We love a good scandal here, but Holy Mary on a pogo stick, this is basically going after a mosquito with a Mack Truck, and burying parties who are only related by association is pretty horrible business, which is why we’re not linking to the document concerned.

Kotar shows up often on Green’s Instagram feed, so they’ve laid him out as an acceptable target. Hell, even the mafia draws the line at wives and children.

Equity.Guru has had business dealings with Kotar – on Glance’s behalf, at that. Half the financiers and stock promoters and banks and brokers in town have done business with Kotar and/or Green. It’s a fact of life that, if you’re putting together a stock deal in Vancouver, you’re one degree of separation from someone who has butchered a puppy on a stack of BCSC trading bans.

In fact, the current Glance Pay board, if they’re being honest, were one degree of separation from Kotar themselves for quite a time while their paper wealth was accruing, so if Green’s ability to do due diligence is under question, so is theirs.

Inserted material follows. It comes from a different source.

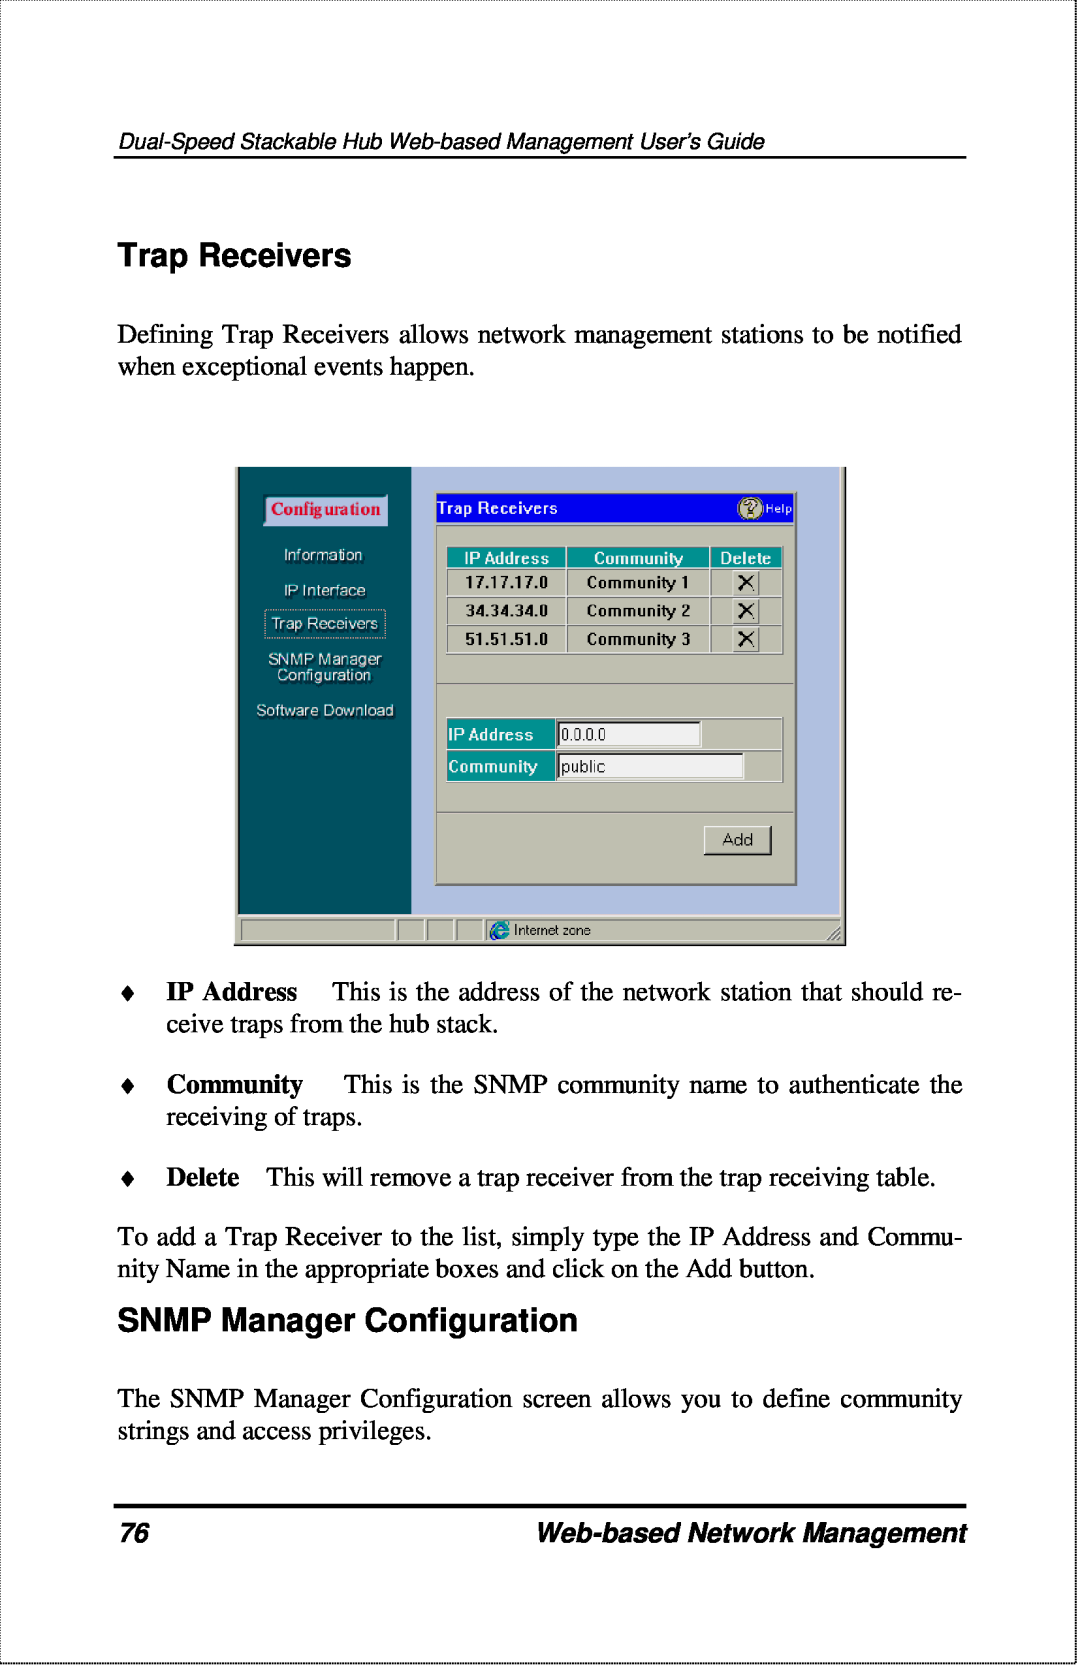 D-Link DFE-2600 manual Trap Receivers, SNMP Manager Configuration, Web-based Network Management

Anyone who knows Green knows she has a particular way of driving value for companies she’s built/promoted/invested in. If you’re invited to a Green investor party, you’re as likely to catch an attractive wife as an attractive deal, as an example. But the rocket-like ascendancy of Glance’s stock wouldn’t have, and couldn’t have, happened if not for Green’s ability to burrow into Vancouver’s investor scene and dig fat cheques out of a wide variety of pockets. Additionally, those pockets remain available to her because she generally returns fatter cheques to them four months later.

#corporatetakeover #glancepay #cannapay #activepay

A post shared by Penny Green (@thegoodlifevancouver) on


Glance was, during the Green reign, vastly overvalued, which is one of the reasons we didn’t write it up often (and, in fact, wrote about it negatively early on, drawing the ire of others involved in the deal that the Glance board wouldn’t dare dragging in the fashion they’ve dragged Kotar).

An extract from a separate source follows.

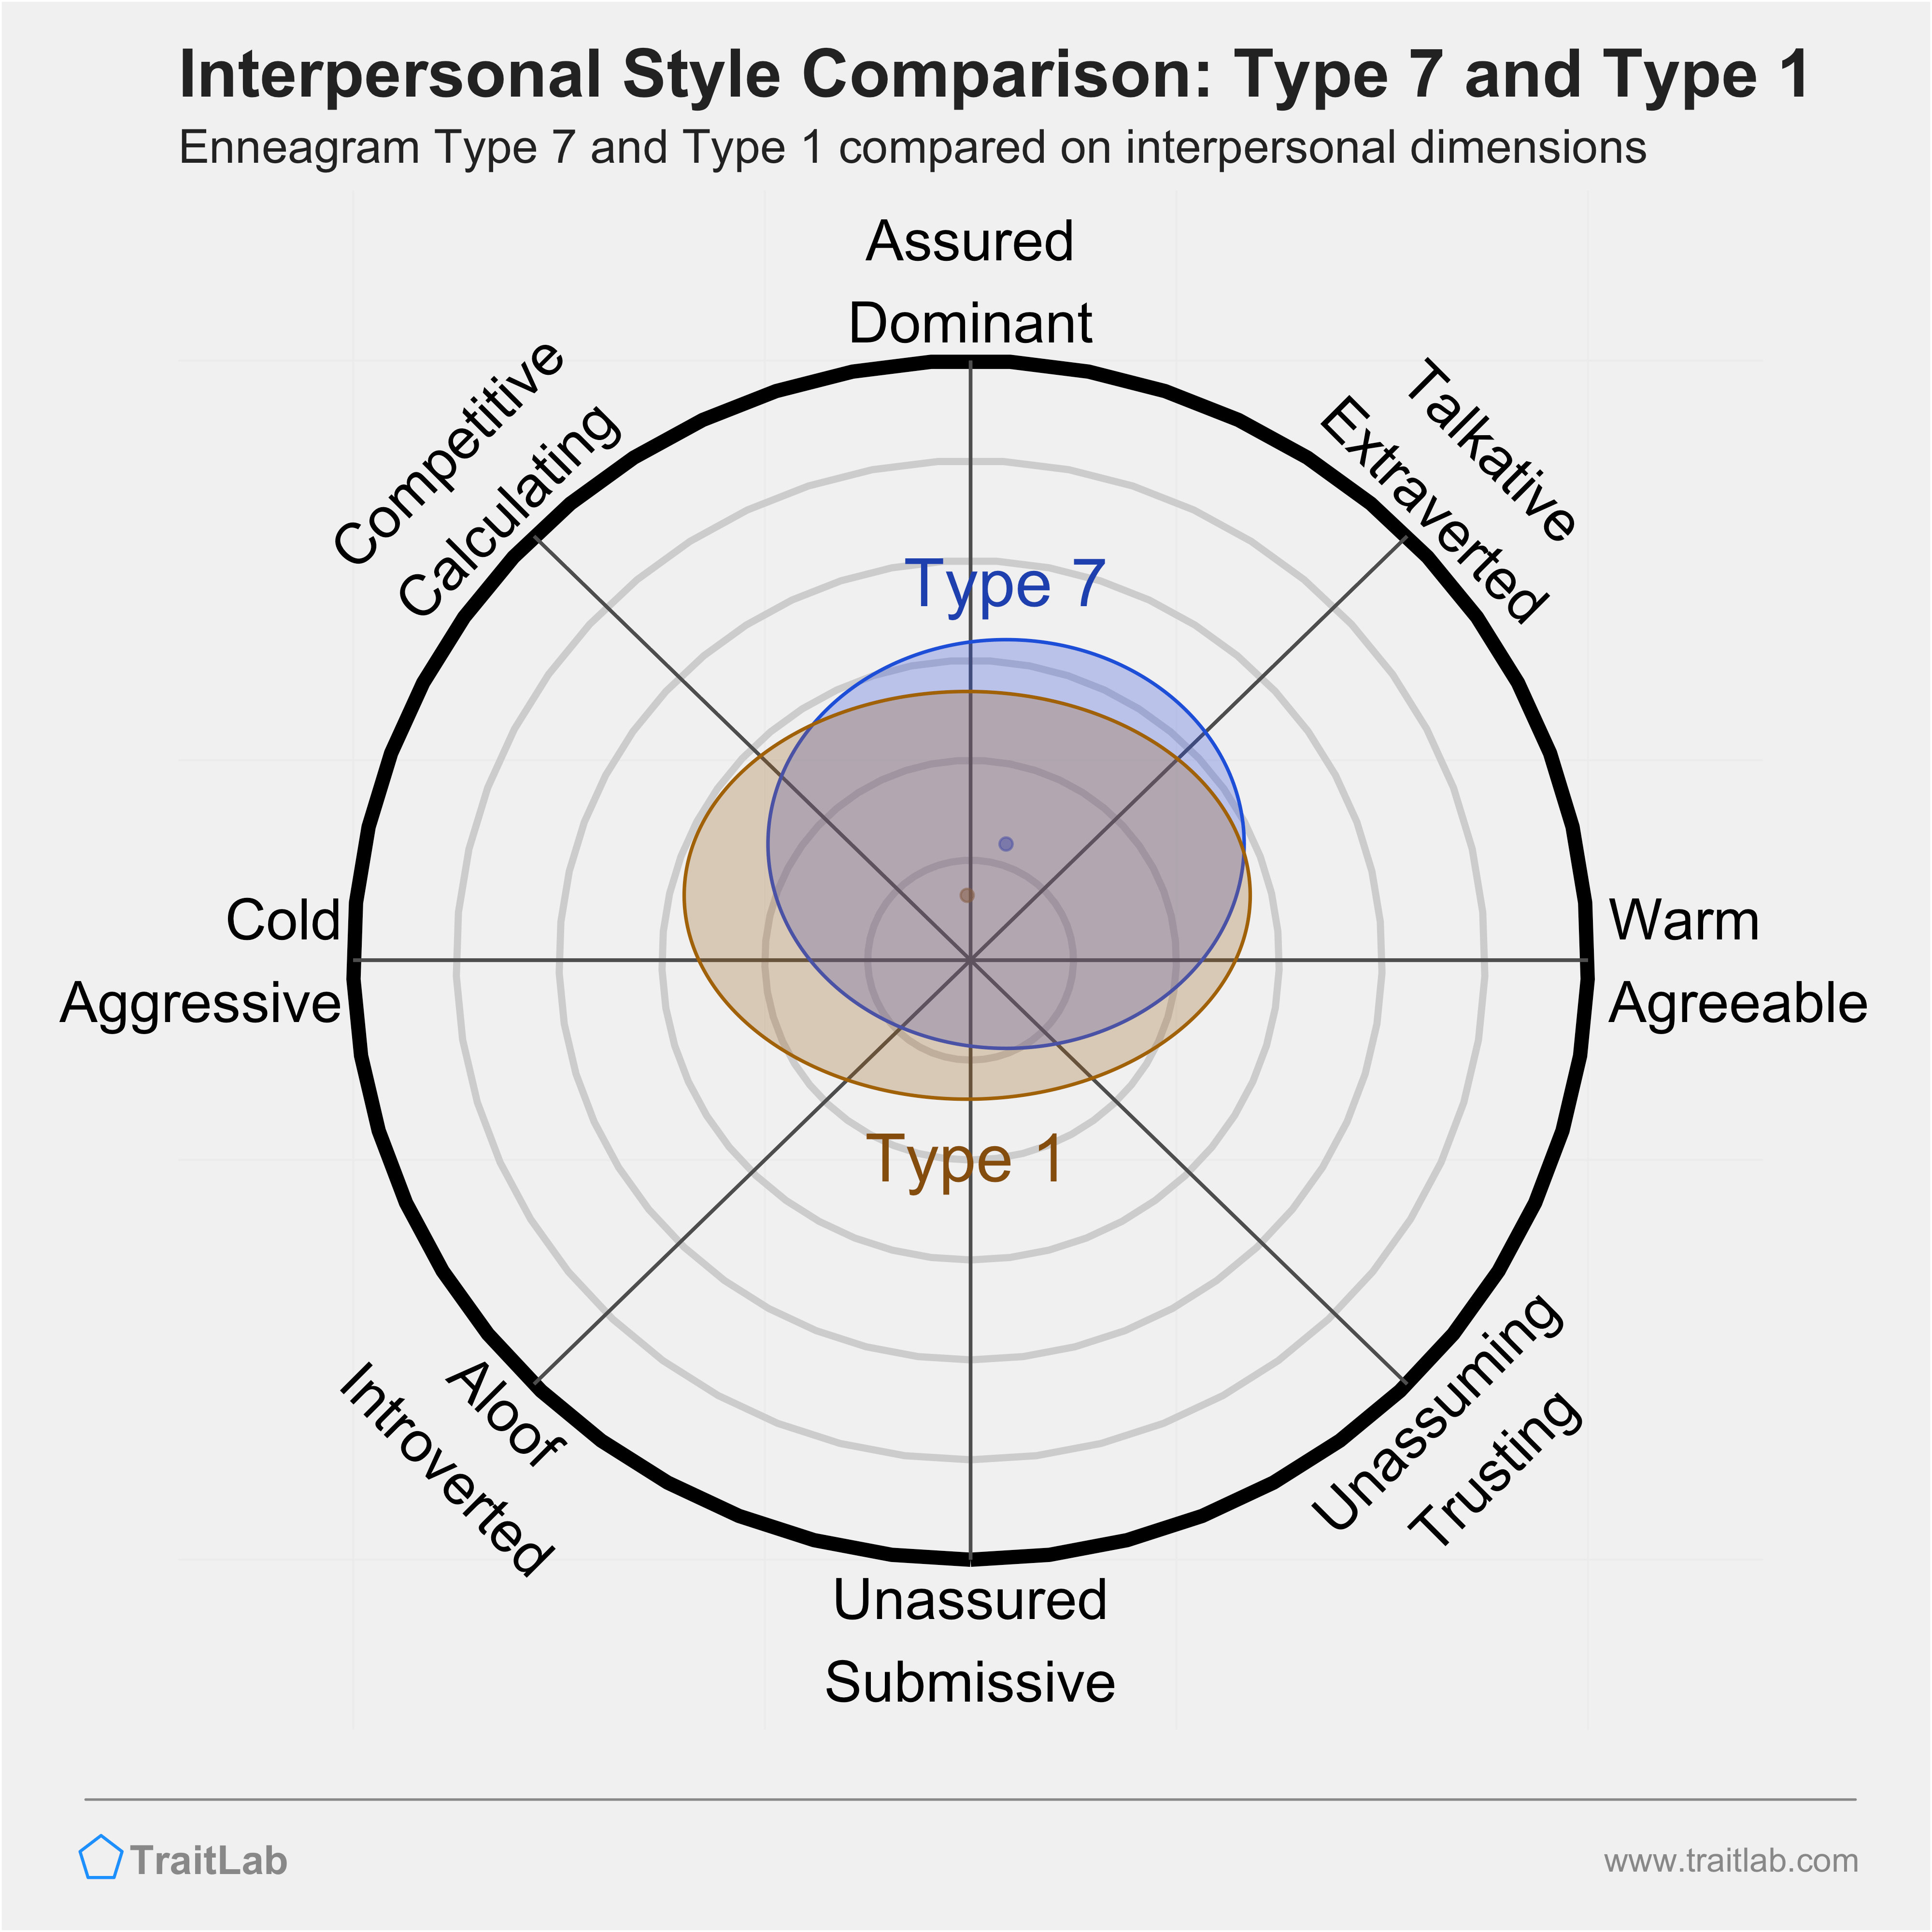 Enneagram Type 7 and Type 1 comparison across interpersonal dimensions

The tech is fine, but the business of penetrating restaurant payment systems is, to paraphrase Hunter S. Thompson, “is a cruel and shallow money trench, a long plastic hallway where thieves and pimps run free, and good men die like dogs,” so we didn’t play.

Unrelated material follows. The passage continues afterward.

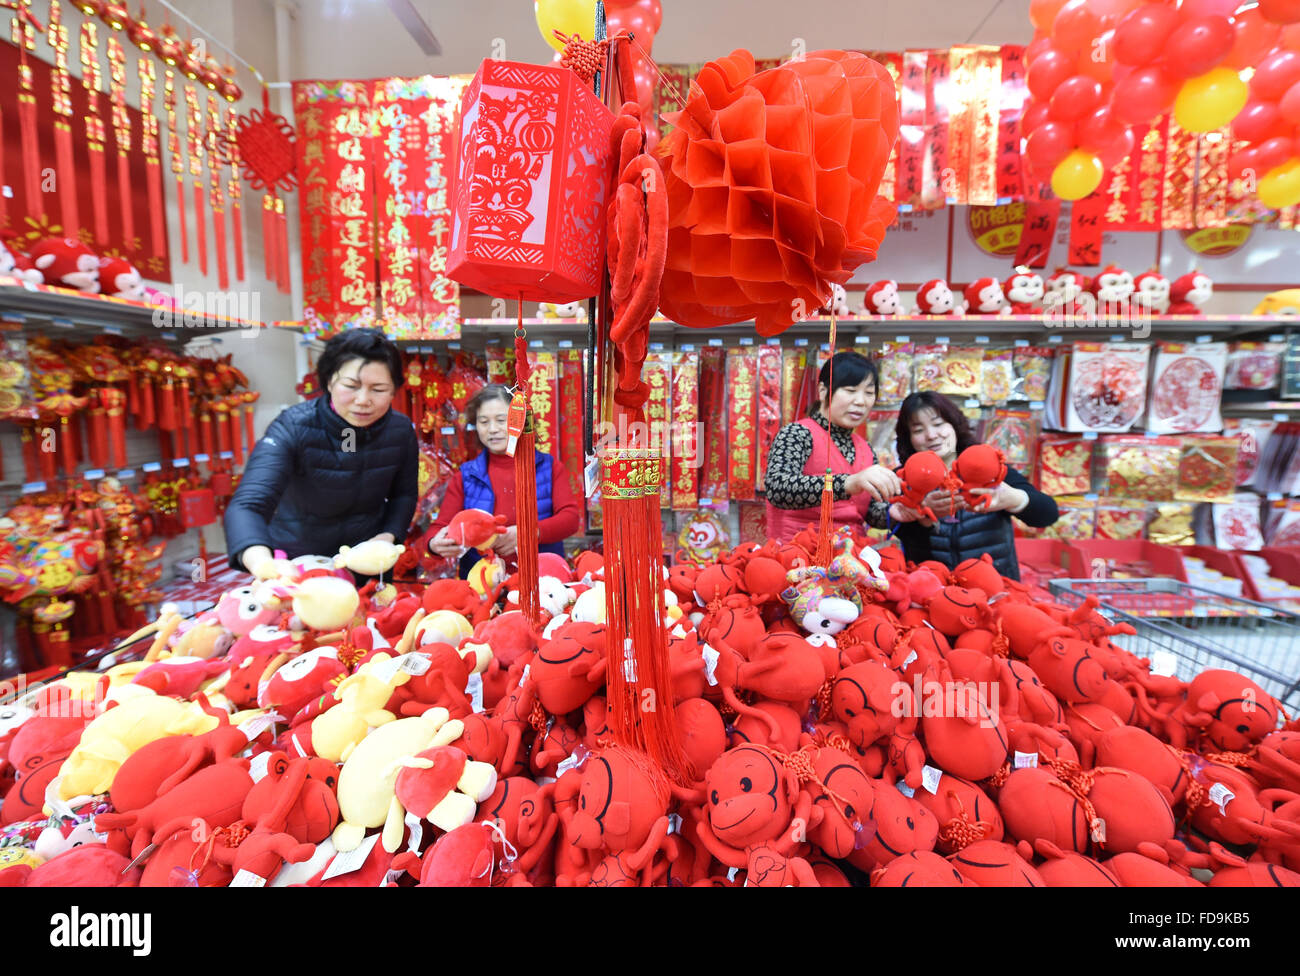 Nanjing, Many supermarkets and shopping malls in Nanjing opened special shopping area for commodities for Spring Festival. 8th Feb, 2016. Local residents select ornaments for the coming Spring Festival at a supermarket in Nanjing, capital of east China's Jiangsu Province, Jan. 29, 2016. Many supermarkets and shopping malls in Nanjing opened special shopping area for commodities for Spring Festival, which will fall on Feb. 8, 2016. © Sun Can/Xinhua/Alamy Live News Stock Photo

But now that’s all they have. Some tech, some early stage pilot deals, a stock chart that looks like a relief map of Mount Kilimanjaro, a sector that it’s not nearly dug into enough to catch a second wave, and a boardroom battle that is making everyone involved look like someone to stay clear of for a few years.

If Green takes back the company, it’ll promote hard but bear the stigma of what just went down, and what’s been alleged. If the board staves her off, where does it go from here? Who will ever hitch themselves to their wagon again, knowing that they’ll shit-kick them – and everyone they deal with – on the way out the door?

Added to the financial issues are the family issues; how does this clan ever talk to one another again?

Realistically, there’s only one way forward for this operation; they need to drop their weapons, suck down their egos, rejoin forces, and look to either rebrand, or sell the company.

Until that happens (and unless that happens), I can’t see how GET can be a good buy going forward.

— Chris Parry

FULL DISCLOSURE: We talked to both parties about their engaging Equity.Guru for marketing services, both before and after the boardroom split. We have not engaged for either side. We do not own stock in GET, we do not have business operations with Penny Green or GET, and though we have talked about working with GET in the past, this has not come to fruition. This article takes nobody’s side but that of the shareholder, who is receiving no joy from either party currently.

 

Disclaimer: ALWAYS DO YOUR OWN RESEARCH and consult with a licensed investment professional before making an investment. This communication should not be used as a basis for making any investment.